Tumore dell’ovaio: perché la diagnosi precoce è difficile?
Il tumore dell’ovaio costituisce il 30% delle neoplasie ginecologiche. In molti casi viene diagnosticato in uno stadio avanzato, che rende più difficile curarlo. Per tale motivo, dopo 5 anni dalla diagnosi solo il 30% delle pazienti riesce a sopravvivere.
Cosa rende difficile la diagnosi precoce del tumore ovarico? La collocazione delle ovaie, non facilmente accessibile; sintomi generici che, oltre a essere comuni ad altre patologie, possono variare da una donna all’altra.

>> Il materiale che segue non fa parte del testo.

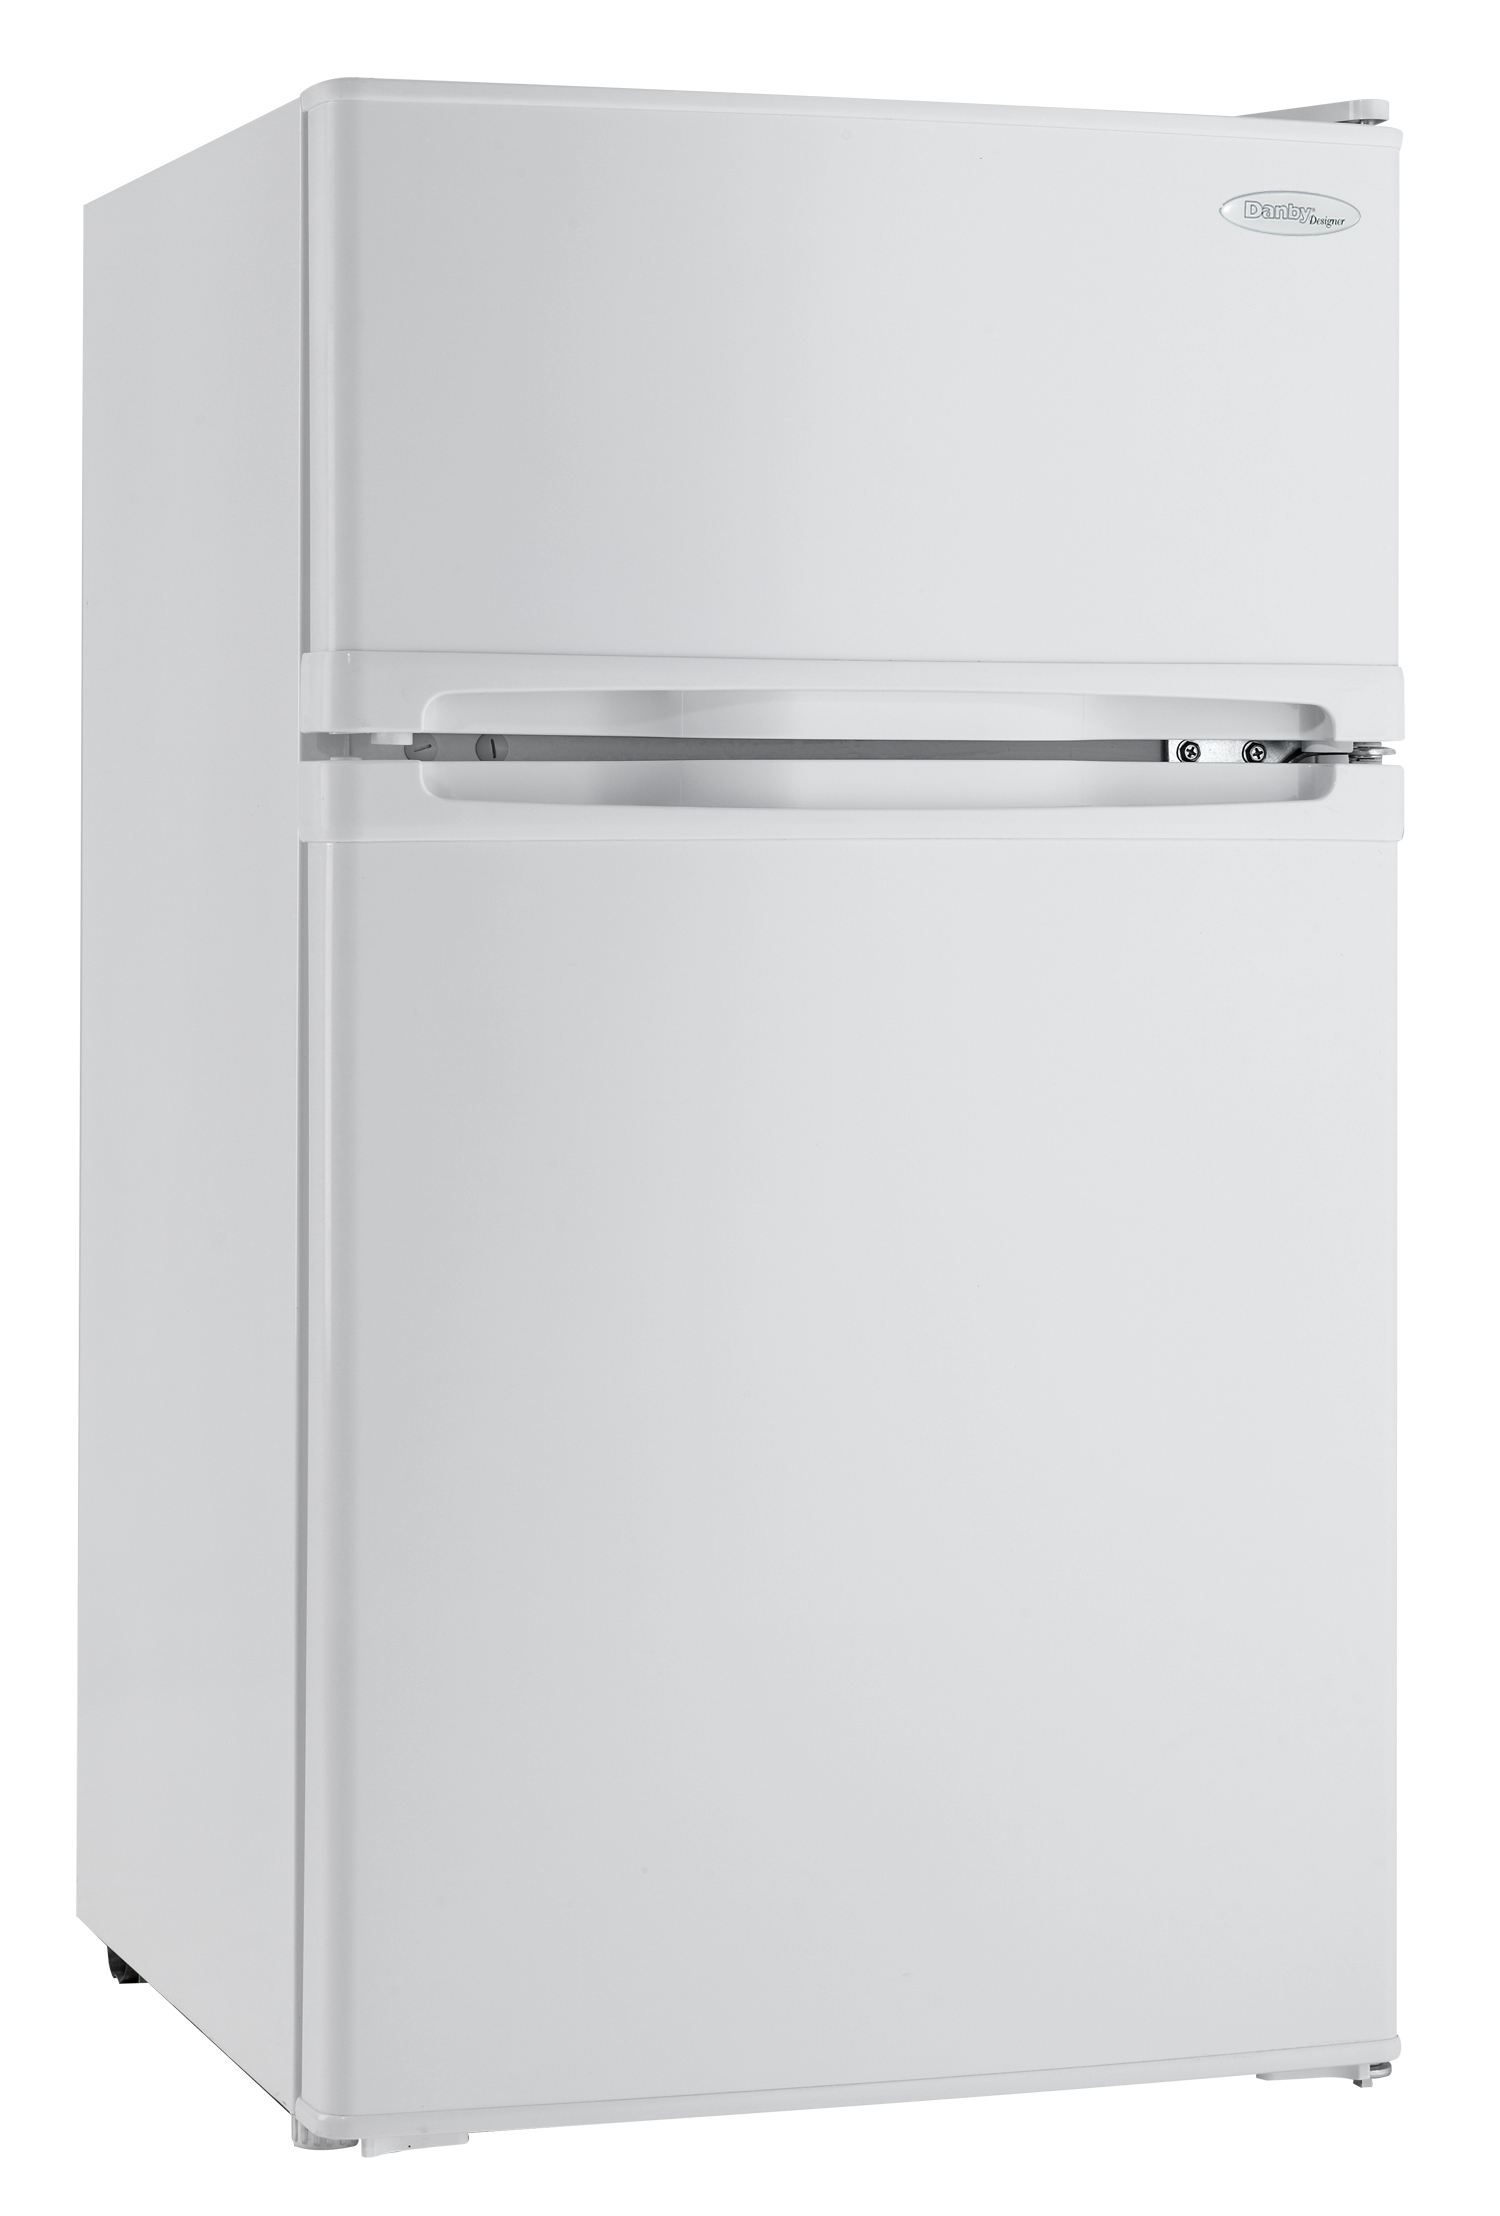 Danby Designer 3.1 cu. ft. Compact Refrigerator

Nonostante queste premesse, ci sono tuttavia delle indicazioni utili per cercare, quanto possibile, di individuare questa neoplasia in una fase in cui le possibilità di guarire sono maggiori. Vediamo insieme quali sono i sintomi sospetti e quali i fattori di rischio.

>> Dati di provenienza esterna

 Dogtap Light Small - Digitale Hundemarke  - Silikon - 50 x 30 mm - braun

Sintomi del tumore dell’ovaio
Nella fase iniziale il tumore ovarico può essere asintomatico o causare dei sintomi che, come abbiamo detto, sono generici e non comuni a tutte le donne. Fra questi ci sono:
- dolore nella zona pelvica o nell’addome;
- gonfiore addominale;
- senso di sazietà precoce;
- disturbi intestinali;
- necessità di urinare spesso;
- perdite di sangue dalla vagina.
Se si avvertono tali disturbi per diverso tempo, è opportuno rivolgersi al proprio medico o consultare direttamente il ginecologo. Lo specialista, dopo una visita accurata, valuterà se è necessario fare esami diagnostici come:
- l’ecografia transvaginale o transaddominale;
- un esame del sangue per valutare il dosaggio della proteina CA125, che in gran parte dei carcinomi ovarici maligni aumenta notevolmente;
- la Risonanza Magnetica Nucleare (RMN), utile a definire in modo dettagliato la struttura della massa tumorale.
Fattori di rischio del tumore dell’ovaio
I fattori di rischio che possono favorire la comparsa del carcinoma dell’ovaio sono:
- familiarità
- problemi ormonali che causano la sterilità o la sindrome dell’ovaio policistico; aver assunto farmaci per contrastare la sterilità;
- obesità
- fattori esterni (come ad esempio esposizioni prolungate all’amianto e abuso di alcolici).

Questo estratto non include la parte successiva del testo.